All told, the New Democracy Movement, or NDM, is a network of 20 groups, most of which are student groups such as the one she represents at Thammasat University (PPDD for Democracy) or at Chulalongkorn University (CCP). But there are only about 100 members in all.

The new movement will be less personality driven, Kornkanok said. Less of the famous faces associated with it in the past. Coordinator Rangsiman Rome has left to form a new group called the Democracy Restoration Group, and its most visible partner, Sirawith “Ja New” Seritiwat, will still pitch in but won’t lead the group to another major street protest anytime soon.

Kornkanok said the group will play down personalities and street confrontations with the junta and focus more on building a base of support. Kornkanok was even reluctant to give an interview, saying she was just one of the group’s 20-member secretariat. She stressed that her views cannot be taken for the movement’s resolutions.

A Newer Democracy Movement?

This will be a new NDM, the result of a March meeting to discuss its future. The new focus will be more on base-building and networking and less on confrontation.

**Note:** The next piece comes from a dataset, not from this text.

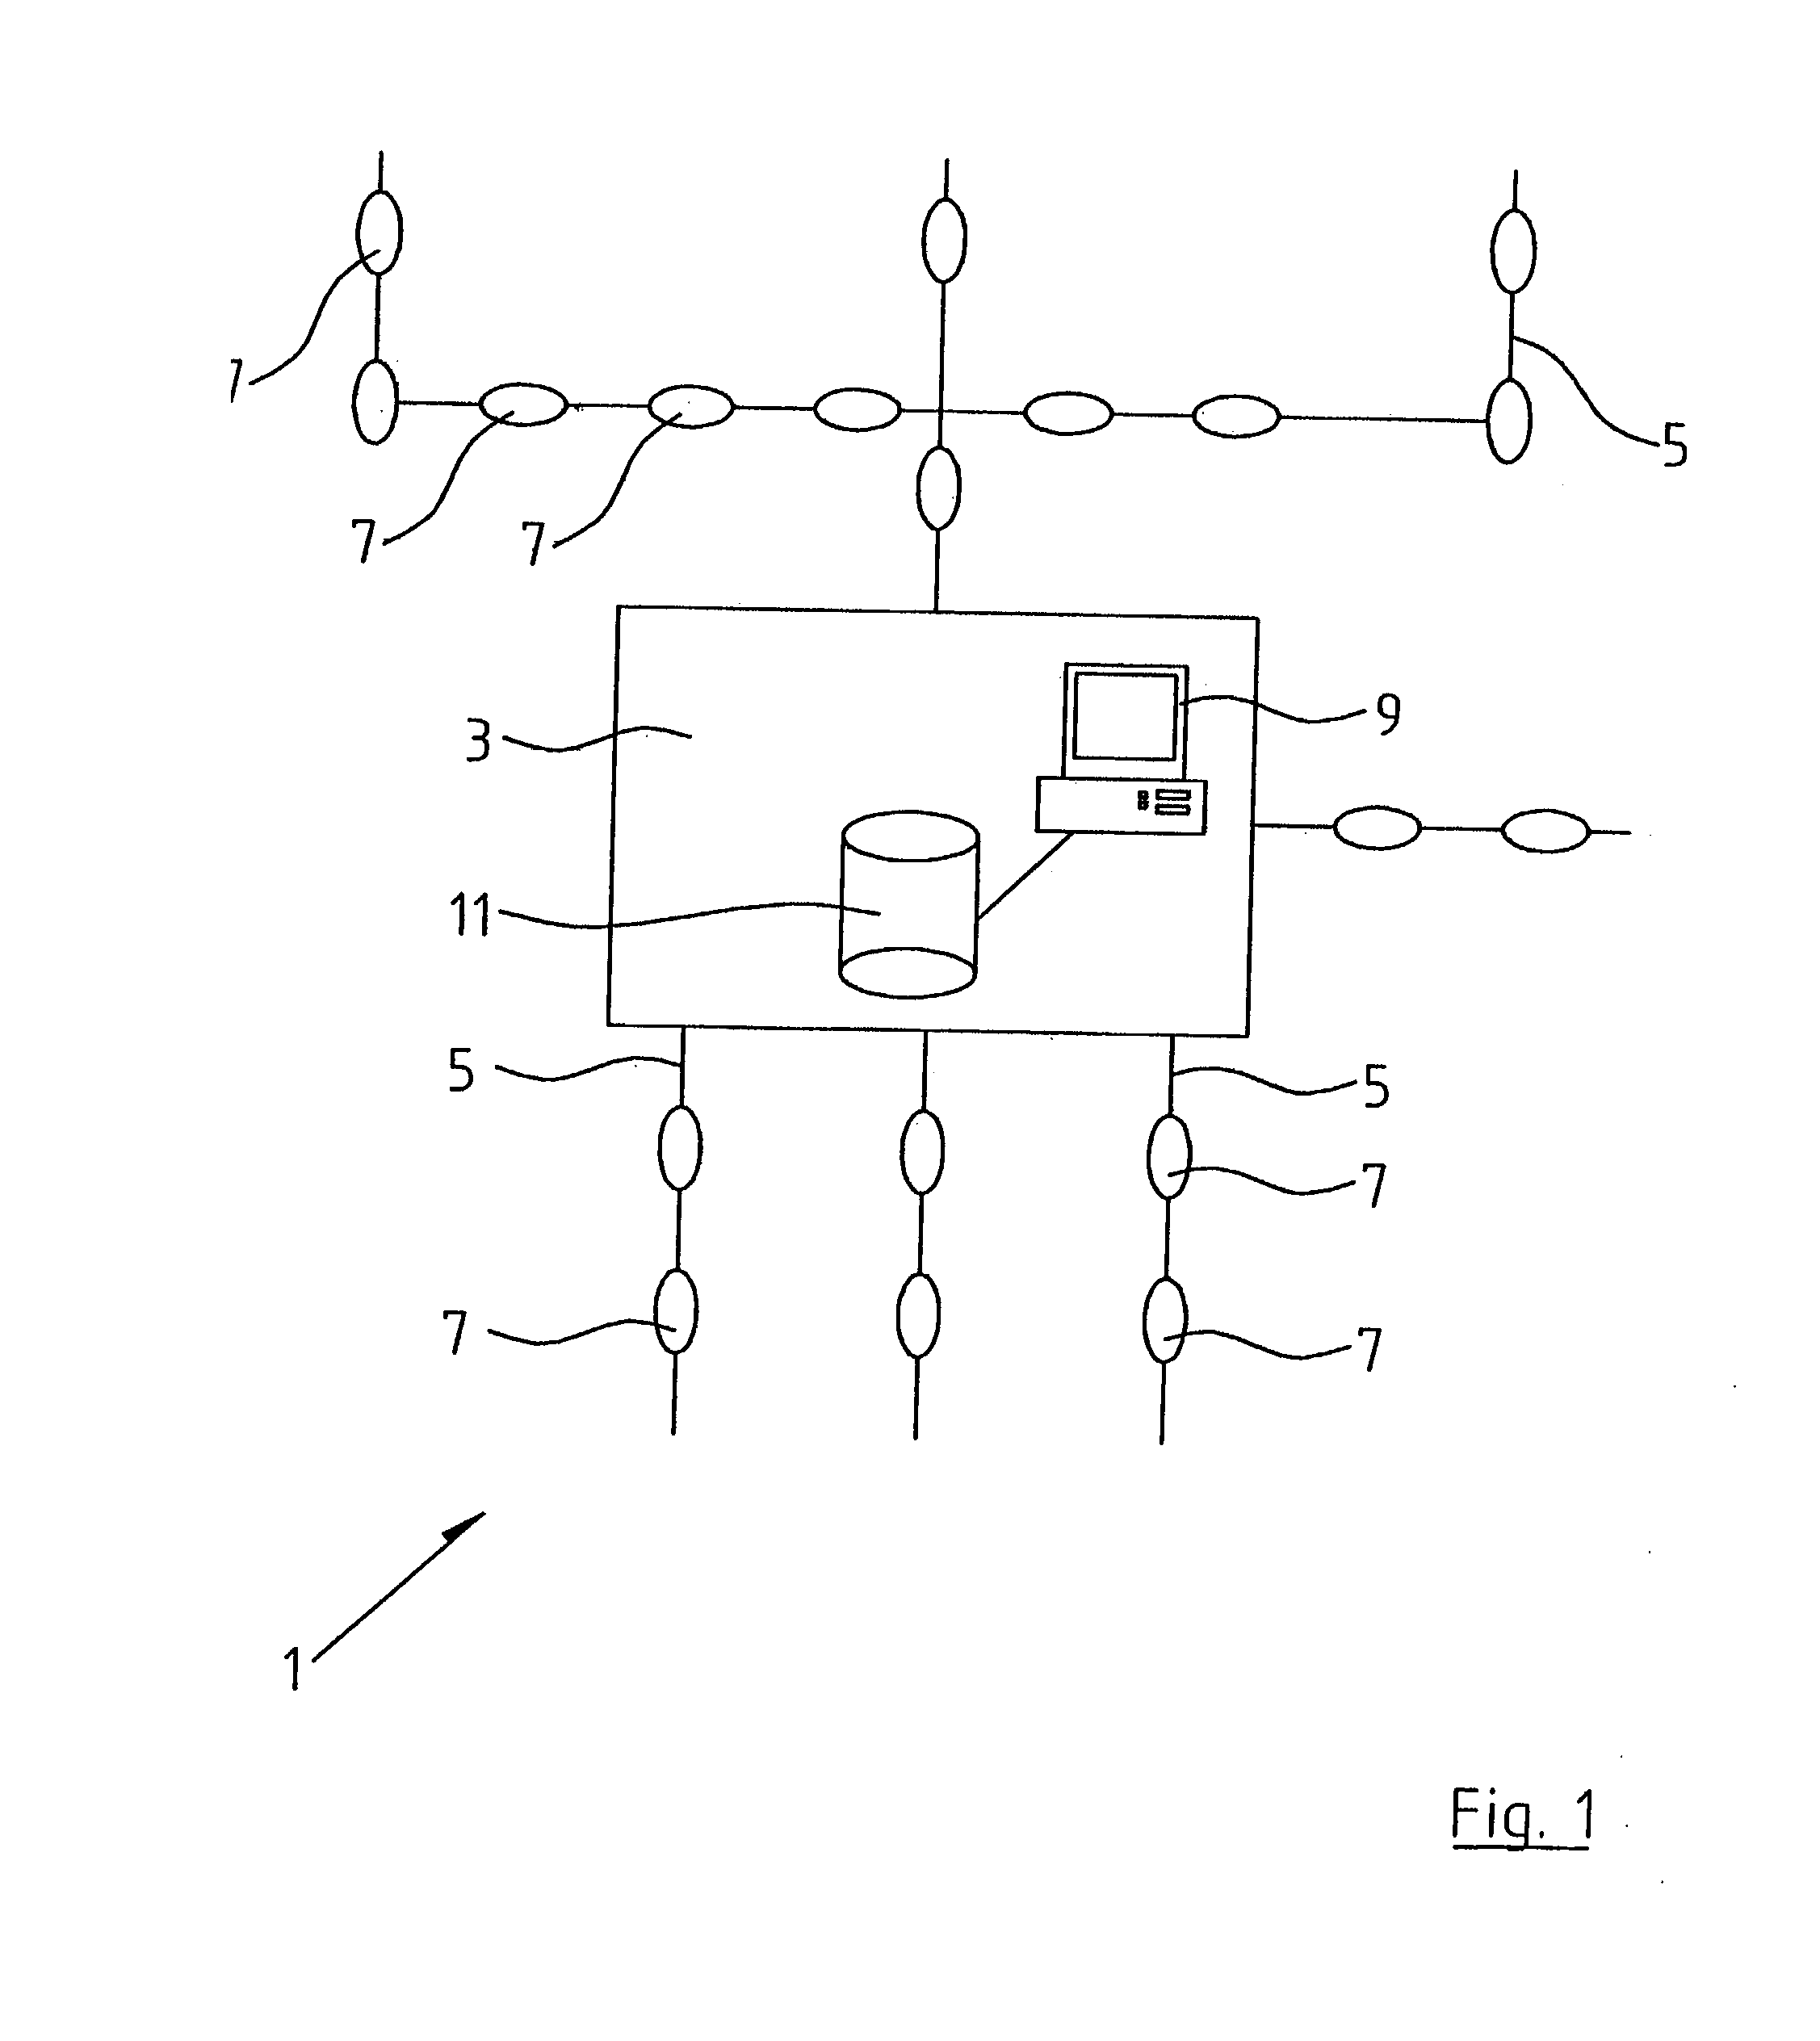 Method of Monitoring Line Faults in a Medium Voltage Network

For nearly the past two years of the NDM’s existence, Kornkanok said, many people have been charged, and their mounting legal cases – her’s included – have become a burden to not just the individuals but the movement.

She readily admits NDM has accrued its share of negative reputation.

“The negative perception is that it’s all Redshirts, troublemakers and people begging to be arrested,” said Kornkanok, adding they gain nothing from having more members arrested and charged. “We should try new moves that are safer for the members and the network,” she said. “We can’t win by using small numbers of people, so we will expand our base and membership. We hope to connect many groups together.”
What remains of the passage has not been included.